Updated Request Lifecycle #
- User gets the IP address of the load balancer from DNS.
- User connects to the load balancer via IP.
- HTTP request is routed to server 1 or server 2.
- Web server reads user data from a slave database or routes data modifications to the master database.
Cache #
A cache is a temporary storage that stores frequently accessed data or results of expensive computations. In our web application, caching can reduce the need for expensive database queries.
Cache Tier #
The cache tier is a temporary storage layer that can be scaled independently from the database.
Considerations for Using Cache #
- When to use: Useful when data is read frequently but modified infrequently.
- Expiration policy: Controls when cached data expires. Too short leads to frequent DB queries, too long risks stale data.
- Consistency: Ensures the cache is in sync with the database.
- Mitigating failures: Provision servers with extra memory or set them up in multiple locations.
- Eviction policy: Determines what happens when the cache is full. Common policies are LRU, LFU, FIFO.
Content Delivery Network (CDN) #
A CDN is a network of geographically dispersed servers, used for delivering static content (images, HTML, CSS, JS files).
Whenever a user requests static content, the CDN server closest to the user serves it.
Considerations for Using CDN #
- Cost: CDNs are managed by third parties, so be mindful of cost.
- Cache expiry: Setting an appropriate cache expiry to balance request frequency and data staleness.
- CDN fallback: Clients should have a way to fall back if there’s a temporary outage.

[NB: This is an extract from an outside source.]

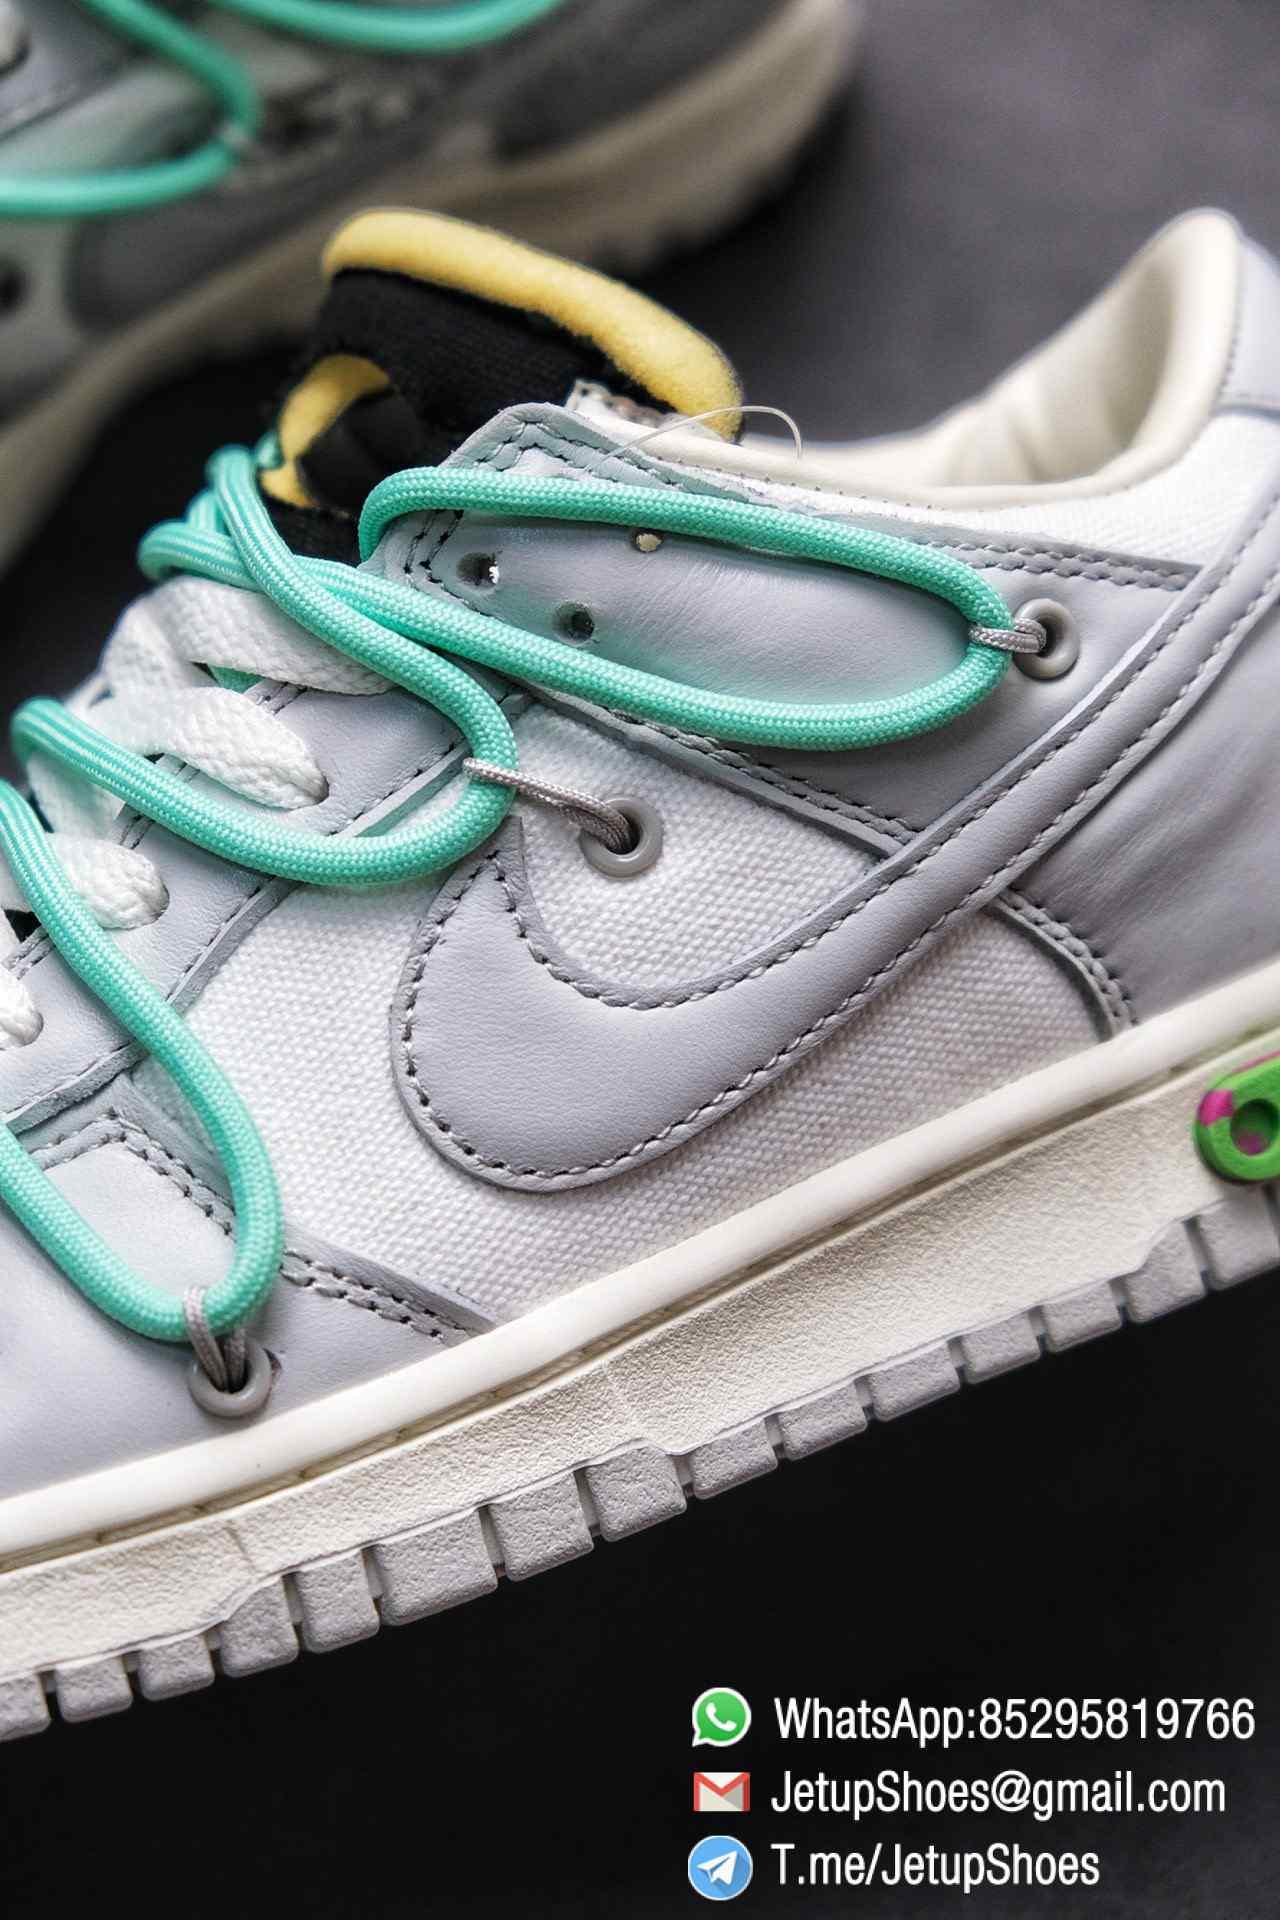 Best Replica Nike Sneakers 0ff White x Nike Dunk Low 04 of 50 SKU DM1602 114 Top RepSneakers Supplier 07

- Invalidation: Use APIs or object versioning to invalidate cache.
Stateless Web Tier #
To scale our web tier, we need to make it stateless by storing session data in persistent storage (relational database or NoSQL).
Stateful Architecture #
Stateful servers remember client data across different requests, making them less flexible.
Stateless Architecture #
Stateless servers don’t store user data, allowing HTTP requests to be served by any server.
Data Centers #
Clients are geo-routed to the nearest data center based on their IP address.
In the event of an outage, traffic is rerouted to a healthy data center.
Message Queues #
Message queues enable asynchronous communication and decouple producers from consumers.
Example use-case: Photo processing tasks.
Logging, Metrics, and Automation #
As the web application grows, monitoring tooling becomes essential.
- Logging: Error logs can be emitted to a data store.
- Metrics: Collect various types of metrics to monitor system health.
- Automation: Continuous integration and deployment detect problems early and improve productivity.
Database Scaling #
There are two approaches to database scaling:
Vertical Scaling #
Adding more resources (CPU, RAM, etc.) to your database nodes. This approach has hardware limits and can be expensive.
Horizontal Scaling #
Add more database nodes instead of upgrading a single one. Sharding is a common horizontal scaling technique.
In this setup, data is distributed across shards using a partition key.
Millions of Users and Beyond #
Scaling a system is iterative. Here are key takeaways:
- Keep the web tier stateless.
- Build redundancy at every layer.
- Cache frequently accessed data.
- Support multiple data centers.
- Host static assets in CDNs.
- Scale your data tier via sharding.
- Split your big application into multiple services.
- Monitor your system & use automation.